Вилли чувствовал холод, расходившийся от непогребенной мумии, от холодного рта, от смерзшихся век. Ни один седой волосок не шелохнется. Ребра под опавшей рубашкой каменно-неподвижны. Землистые губы словно из сухого льда. Вытащи его наружу — от него пар пойдет!

Санитары переглянулись, кивнули полисменам. Полицейские шагнули вперед.

— Джентльмены! — мистер Дарк рукой, украшенной жутким тарантулом, ухватил рукоять рубильника. — Сейчас на ваших глазах сто тысяч вольт пронижут тело мистера Электрико!

— Нет, не позволяйте ему! — закричал Вилли. Полицейские сделали еще по шагу вперед.

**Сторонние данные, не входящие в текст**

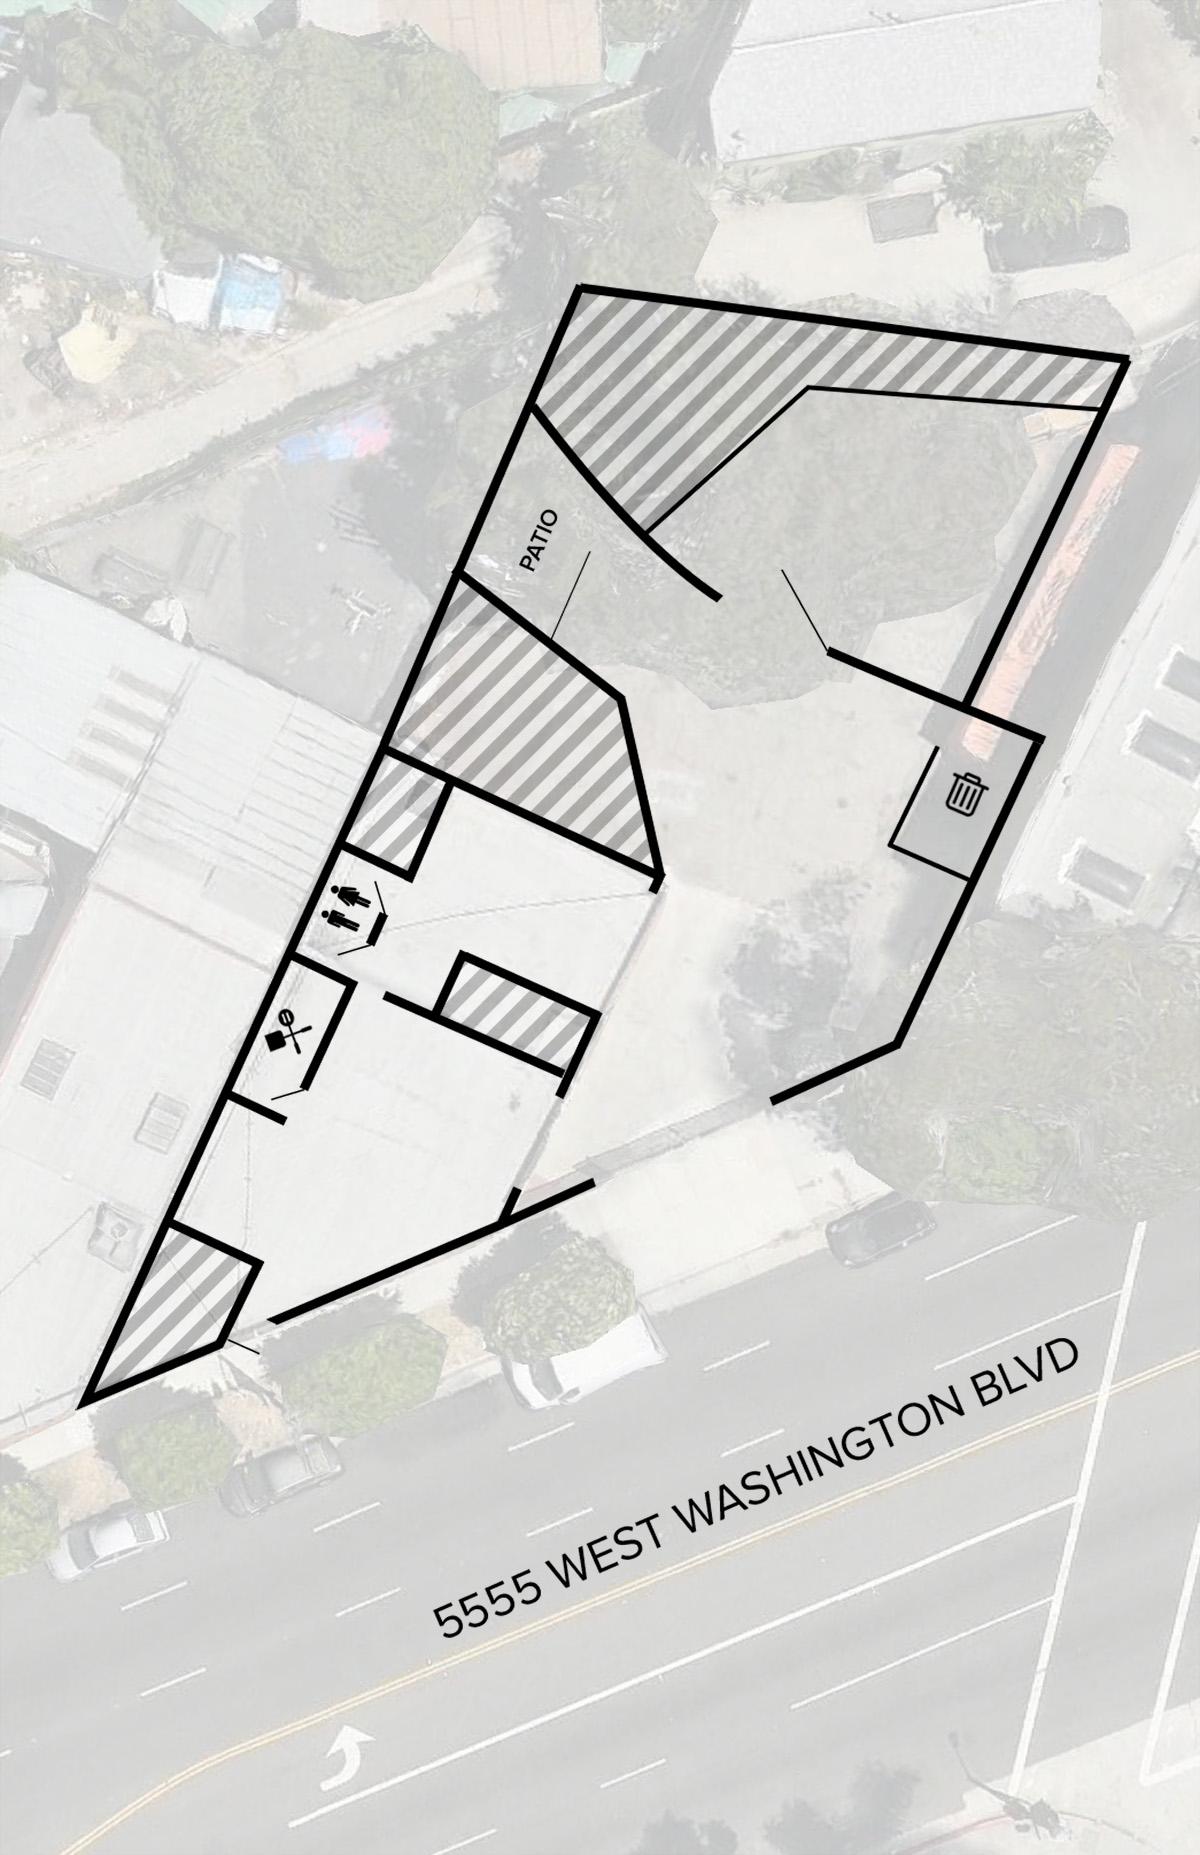 arthouse+los angeles venue floor+plan.jpg

Санитары открыли рты, собираясь сказать что-то. Мистер Дарк метнул на Джима властный взгляд. И Джим тут же крикнул:

— Да нет! Все в порядке!

— Ты что, Джим?!

— Брось ты, Вилли, все нормально.

— Всем отойти! — Тарантул впился в рубильник. — Этот человек в трансе! Я загипнотизировал его. Нельзя нарушать чары, это может ему повредить.

Санитары закрыли рты. Полицейские остановились.

— Сто тысяч вольт — и после этого он будет как огурчик!

— Нет!

Полицейский сгреб Вилли. Человек-в-Картинках и все твари, населявшие его, повернули рубильник. Тотчас огни в шатре погасли.

Полицейские, санитары, мальчишки разом подскочили. Электрический Стул превратился в камин, в нем, как сухое полено, полыхал старик. Полицейские отпрянули, санитары подались вперед. Уродцы в клетках вытянули головы. Синий огонь плясал, отражаясь во множестве глаз.

Старик был мертв, как камень. Но теперь в него вливалась новая, электрическая жизнь. Электричество кипело на его ушных раковинах, мельтешило в глубоких ноздрях, словно в пересохших колодцах, выложенных камнем, вползало синими змейками в скрюченные пальцы.

Рот Человека-в-Картинках открыт. Наверное, он кричит что-то. Никто не слышит его за шипением, треском и маленькими взрывами энергии. Она везде: вверху, внизу, справа, слева от человека и его кресла-тюрьмы.

— Оживай! — гудит вокруг. — Оживай! — кричат грозовые разряды. — Оживай! — вопит мистер Дарк, и слышит его только Джим, читающий по губам. Вилли тоже понимает: воля мистера Дарка толкает старца, пытается пересоздать его заново, отодрать душу, растопить восковой дух…

— Он же мертвый! — Нет, никто не слышит Вилли, как ни надрывайся, как ни перекрикивай грохот молний.

— Живой! — Губы мистера Дарка причмокнули. Живой! Оживает. Он передвинул переключатель в последнюю, крайнюю позицию. Жив! Где-то надсадно выли динамо-машины, скрипели, визжали, выдавливая дьявольскую энергию. Свет стал бутылочно-зеленым.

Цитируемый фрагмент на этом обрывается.